Informacoes sobre ordens
| Nome do Produto | Numero de Catalogo | UNID | Preco | Qde | FAVORITOS | |
beta Actin Plasmídeo duplo de Nickase (h) | sc-400000-NIC | 20 µg | $410.00 | |||
beta Actin Plasmídeo duplo de Nickase (h2) | sc-400000-NIC-2 | 20 µg | $410.00 |
ACTB codifica a beta-actina humana, uma proteína do citoesqueleto altamente conservada que polimeriza em microfilamentos para sustentar a forma celular, a integridade mecânica e o transporte intracelular. A dinâmica da beta-actina coordena-se com proteínas ligantes de actina em vias que controlam a adesão celular, a migração, a citocinese e a endocitose, e conecta-se a redes de sinalização como a regulação, por GTPases da família Rho, do remodelamento de actina. Como a arquitetura de actina influencia a organização da cromatina e a mecanotransdução, ACTB é frequentemente usado como referência de homeostase celular, ao mesmo tempo que atua como um nó funcional em estudos de motilidade e de respostas celulares ao estresse. Alterações na regulação da actina e em processos do citoesqueleto associados a ACTB estão implicadas em diversos fenótipos relevantes para doenças, incluindo invasão alterada, defeitos de desenvolvimento e patologias do citoesqueleto.
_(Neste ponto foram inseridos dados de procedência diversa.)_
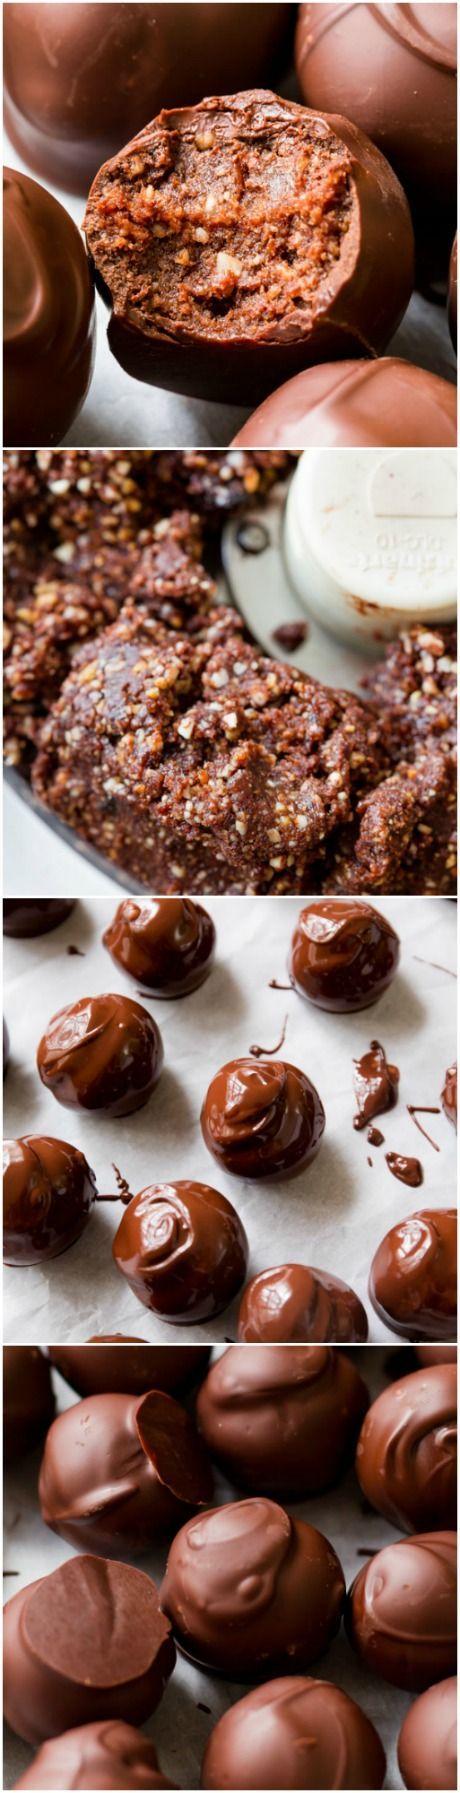 Seriously! HEALTHY truffles made with dark chocolate. Easy recipe found on sallysbakingaddiction.com

beta Actin O Plasmídeo de Nickase Dupla (h) consiste num par de plasmídeos combinados, concebidos para a edição de alta especificidade do locus ACTB em linhas celulares human. Cada plasmídeo expressa uma nickase Cas9 D10A e um sgRNA distinto que tem como alvo cadeias de ADN opostas dentro de ACTB. Quando direcionadas para locais adjacentes em cadeias de ADN opostas, as duas nickases geram cortes deslocados numa única cadeia que, em conjunto, produzem uma quebra escalonada de cadeia dupla, exigindo uma atividade coordenada no alvo por parte de ambas as guias. A quebra de ADN resultante é resolvida por vias de reparação celular endógenas, mais frequentemente através da junção de extremidades não homólogas (NHEJ), levando a inserções ou deleções que perturbam a função ACTB. Ao exigir o envolvimento de dois sgRNA no locus alvo, a abordagem de dupla nickase aumenta a especificidade da edição e fornece uma estratégia CRISPR complementar para aplicações em que se deseja um controlo adicional sobre a precisão do direcionamento.
Para apoiar a identificação eficiente das células editadas, um plasmídeo codifica GFP para visualização fluorescente das populações transfectadas, enquanto o plasmídeo complementar transporta um gene de resistência à puromicina para seleção antibiótica. Em conjunto, estas características apoiam o enriquecimento eficiente das populações co-transfectadas e simplificam a validação dos clones com ACTB interrompido.
Apenas para uso em investigação. Não se destina a uso diagnóstico ou terapêutico.